Visa ban on ICC personnel poses limit to independent investigation in Afghanistan

Recently, the United States’ Secretary of State, Mike Pompeo, announced that visa restrictions would be applied to personnel of the International Criminal Court (ICC) directly involved in ICC investigations of US citizens for war crimes and other abuses allegedly committed in Afghanistan. The restrictions also extend to persons who “take or have taken action to request or further such an investigation.”

The Coalition for the International Criminal Court – a global network of civil society organizations in 150 countries fighting for justice for victims of genocide, war crimes, crimes against humanity, and the crime of aggression through national courts and the International Criminal Court – greatly regrets this move by the Trump Administration, and the inaccuracies presented by the Secretary of State in his statement.

Since 2009, according to the UN, fighting in Afghanistan has killed 24,841 civilians and injured 5,347, with 2016 proving the deadliest yet for children. International crimes including murder; persecution; gender crimes; intentionally directing attacks against humanitarian personnel and against protected objects; conscription of children; and sexual violence have allegedly taken place throughout this period.

The ICC has been considering the situation in Afghanistan since 2007.

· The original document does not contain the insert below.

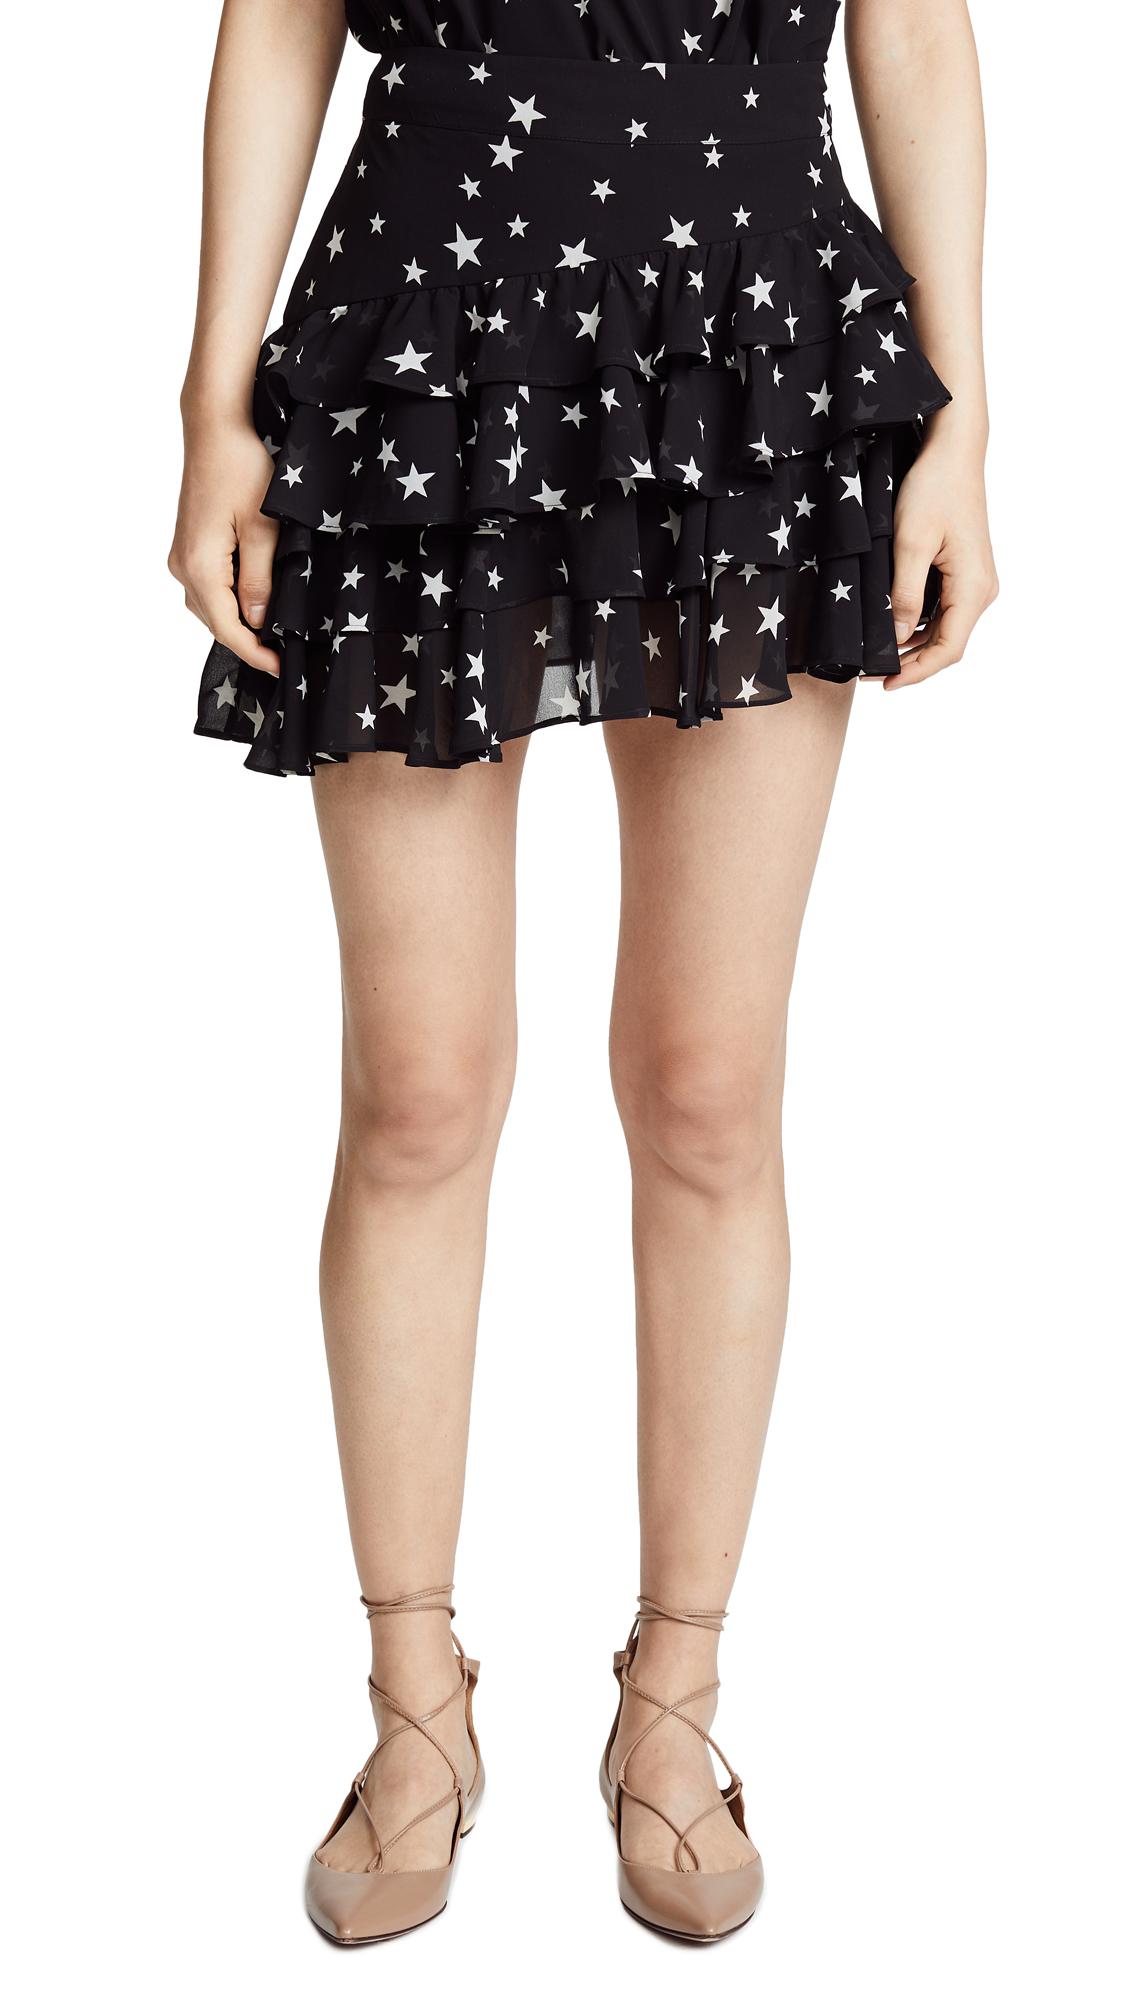 Valencia & Vine Jenny Miniskirt - Star Print

In November 2017, the ICC prosecutor, Fatou Bensouda, had requested authorization from ICC judges to open an investigation into war crimes and crimes against humanity allegedly committed on the territory of Afghanistan since 1 May 2003, as well as war crimes closely linked to the situation in Afghanistan allegedly committed on the territory of other states since 1 July 2002. This announcement was broadly welcomed by civil society and other observers as a crucial if tentative step towards justice for victims.

Although the ICC judges are yet to rule on the Prosecutor’s request, the move by the Trump administration makes real on a threat of sanctions made in September 2018 by the US National Security Adviser, John Bolton, who warned that if the investigation advanced, the ICC would face “consequences,” including travel limitations and possible economic sanctions.

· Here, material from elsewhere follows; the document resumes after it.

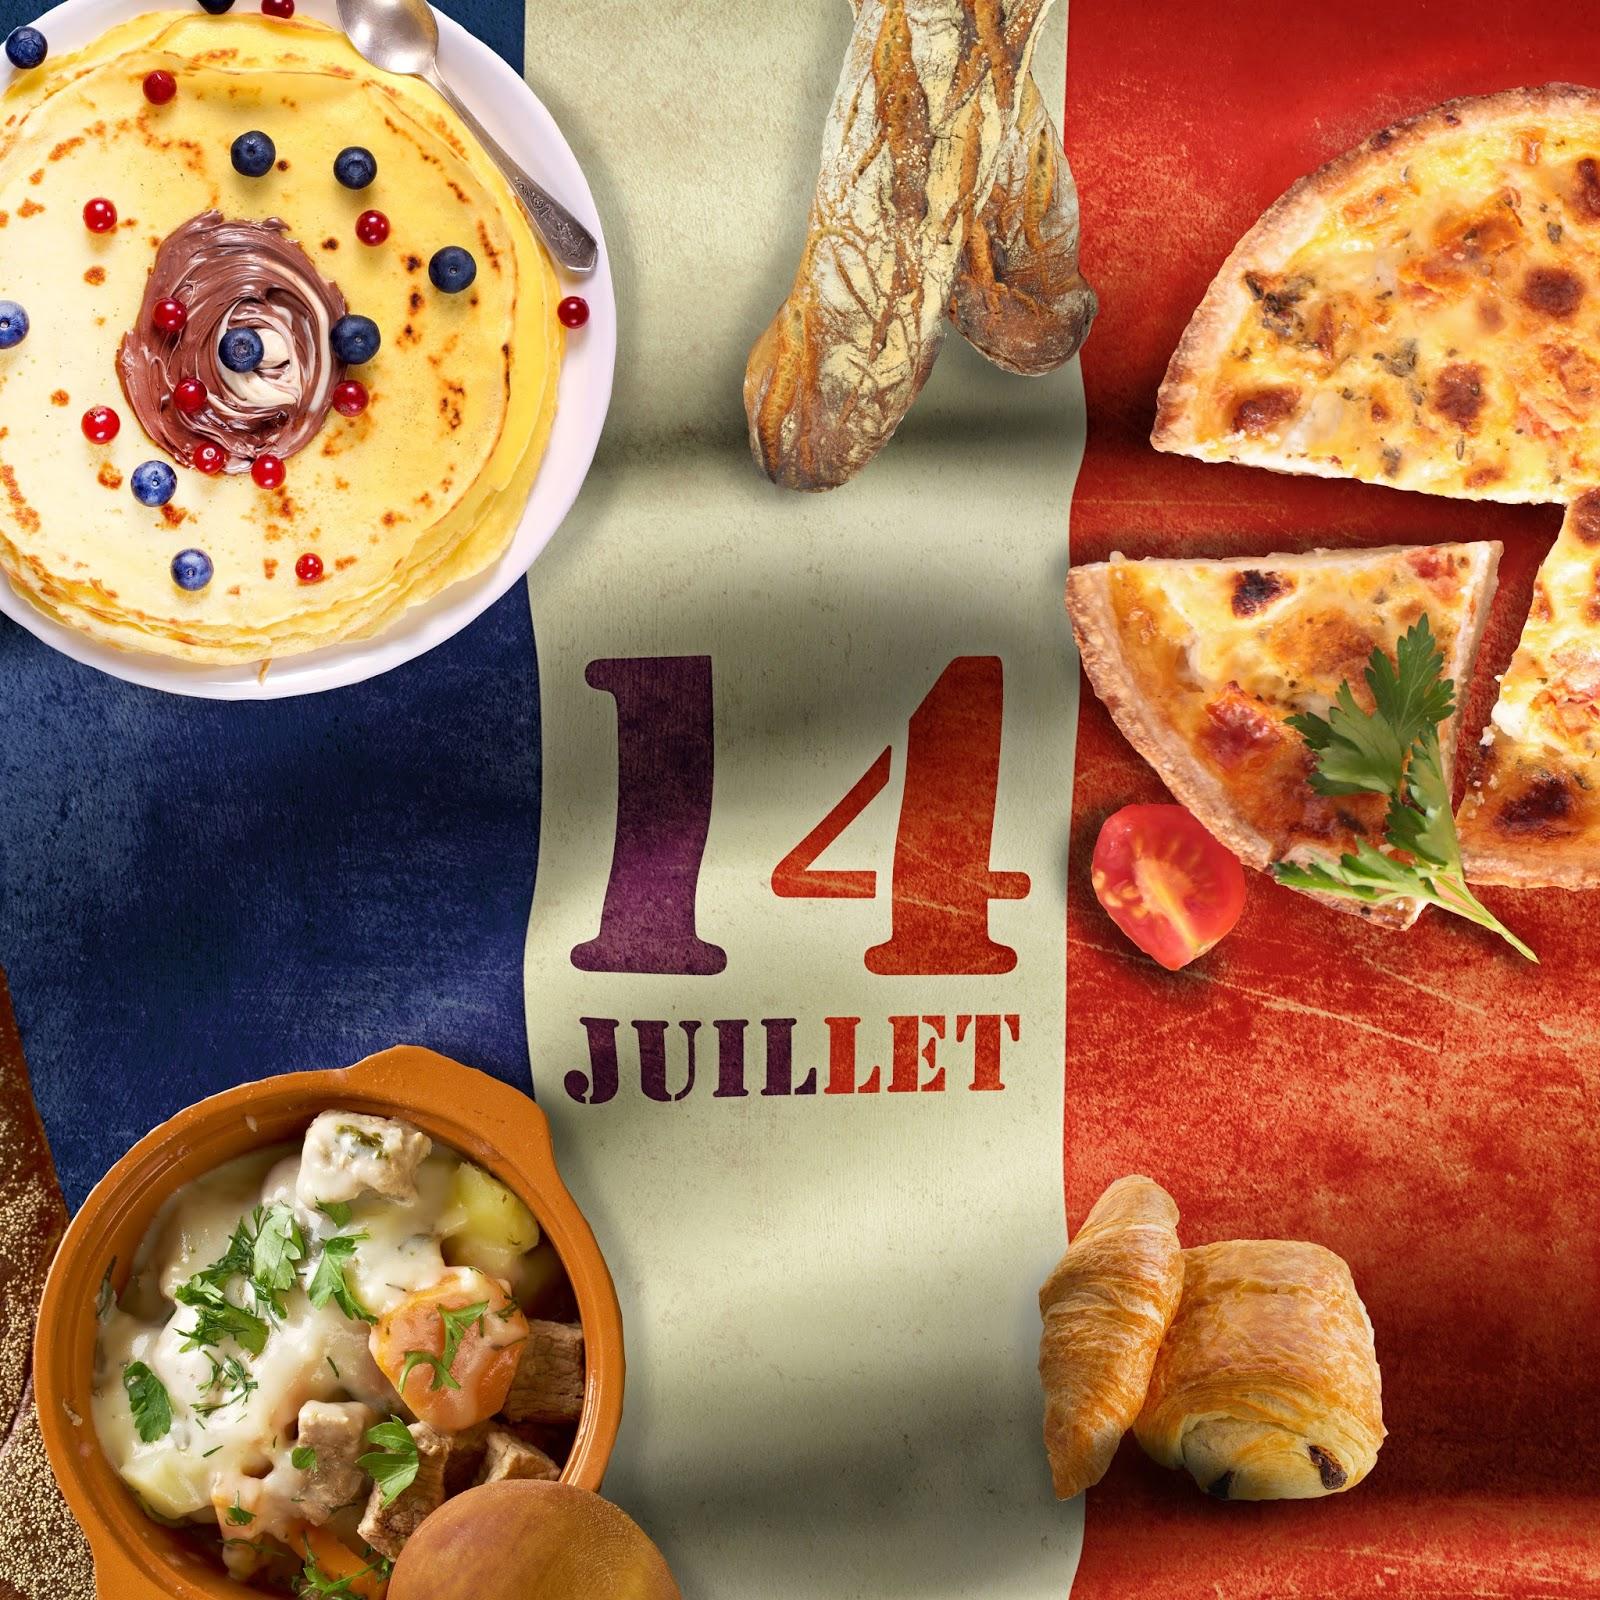 El gourmet urbano buenos aires tour franc s gustativo 14 for Almuerzo en frances

The position of the Trump administration raises serious concerns among civil society, states, and other stakeholders seeking accountability for international crimes wherever they occur.

“The ICC, as a court of law, must continue to do its independent work, undeterred, in accordance with its mandate and the overarching principle of the rule of law,” said William R. Pace, Convenor of the Coalition for the ICC.

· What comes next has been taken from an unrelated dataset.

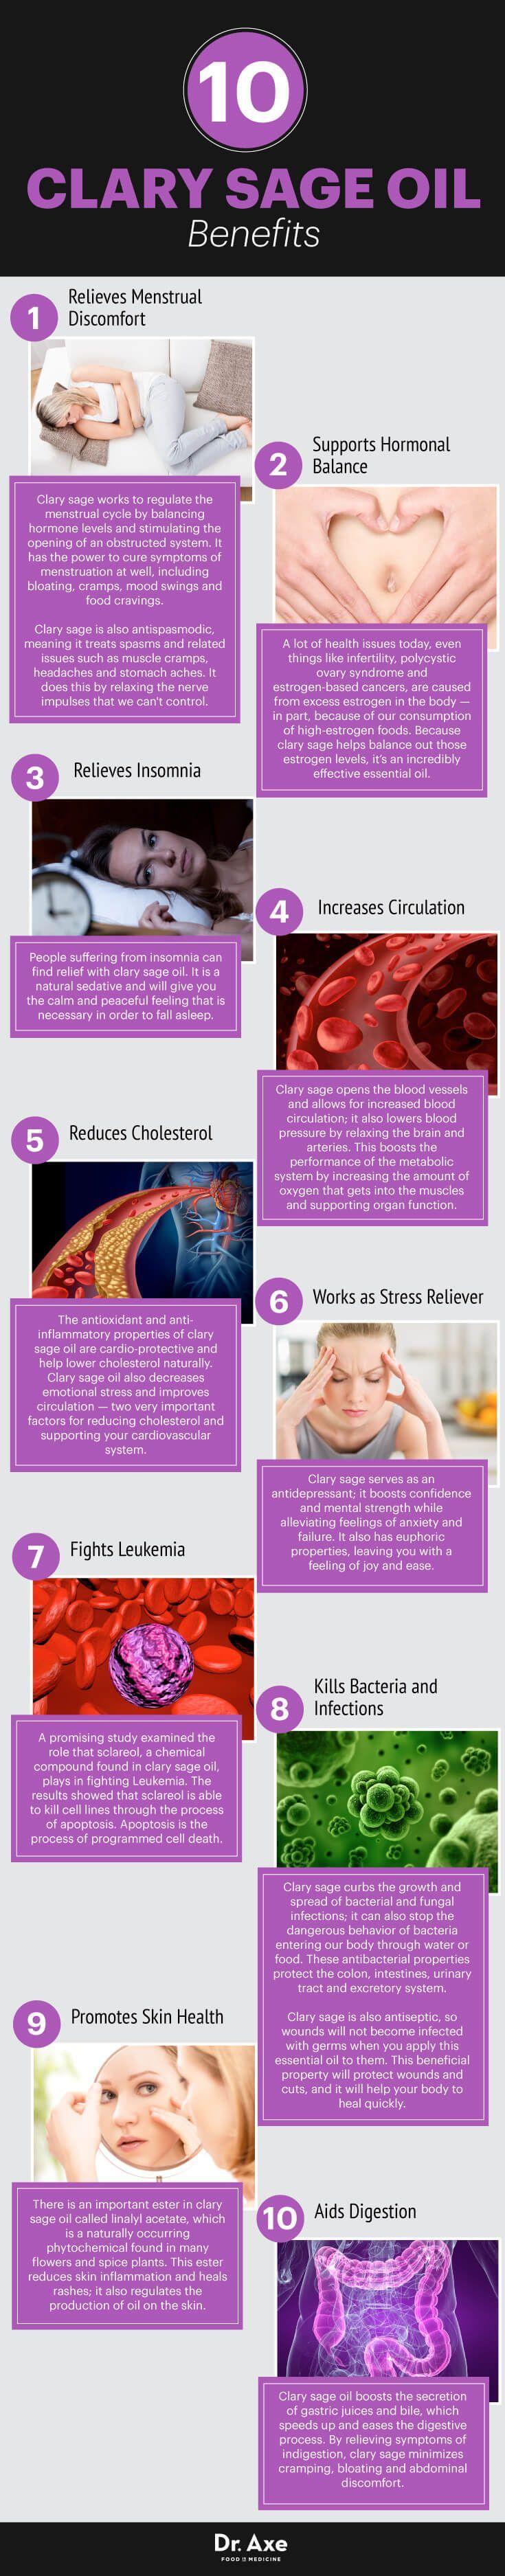 Clary Sage Oil Helps Hormone Balance & Menstrual Pain - Dr. Axe

In his remarks, Pompeo alleged that the “investigation into the situation in Afghanistan could illegitimately target the American personnel for prosecutions and sentencing.” The ICC is the only permanent international court with the mandate to investigate and prosecute individuals for the international crimes of genocide, crimes against humanity, war crimes, and the crime of aggression. It can intervene only when the State in question is unable or unwilling to carry out genuine investigations or prosecutions.

The United States is not a member of the ICC. In 2000, under the Clinton administration, the US signed the Rome Statute, however, the treaty was never submitted to Congress for ratification. In 2002, John Bolton “unsigned” the Rome Statute. However, Afghanistan has been a member of the ICC since 2003. The ICC can thus exercise its jurisdiction over the crimes committed on the territory of Afghanistan or by its nationals from 1 May 2003 onwards. Thus, the Court is legally able to prosecute the US nationals suspected of committing crimes within the context, following the jurisdictional provision established under Article 12(a) of the Statute.

“The foundational principle of the Rome Statute is that states or other actors cannot commit genocide, war crimes, or crimes against humanity and claim immunity,” said Kirsten Meersschaert, the Coalition for the ICC’s Director of Programs. “The ICC’s role is to ensure justice for the victims of these crimes and the Coalition supports all actions that will end impunity for the gravest international crimes,” Meersschaert added.

In its response to Pompeo’s remarks, the International Criminal Court noted that it “stand[s] united against impunity. The International Criminal Court is an independent and impartial judicial institution crucial for ensuring accountability for the most serious crimes of concern to the international community… The Court is non-political and acts strictly within the legal framework of the Rome Statute, its founding treaty. One of the cornerstones of the Rome Statute system is that it recognizes the primary jurisdiction of States to investigate and prosecute atrocity crimes. The jurisdiction of the Court is complementary to domestic jurisdictions.”

Pompeo also noted that US visa restrictions may be extended to ICC personnel involved in ICC investigations of allied personnel, including Israeli citizens. The situation in Palestine, which allegedly involves crimes committed by Israeli forces, has been under preliminary examination by the ICC Prosecutor since 16 January 2015.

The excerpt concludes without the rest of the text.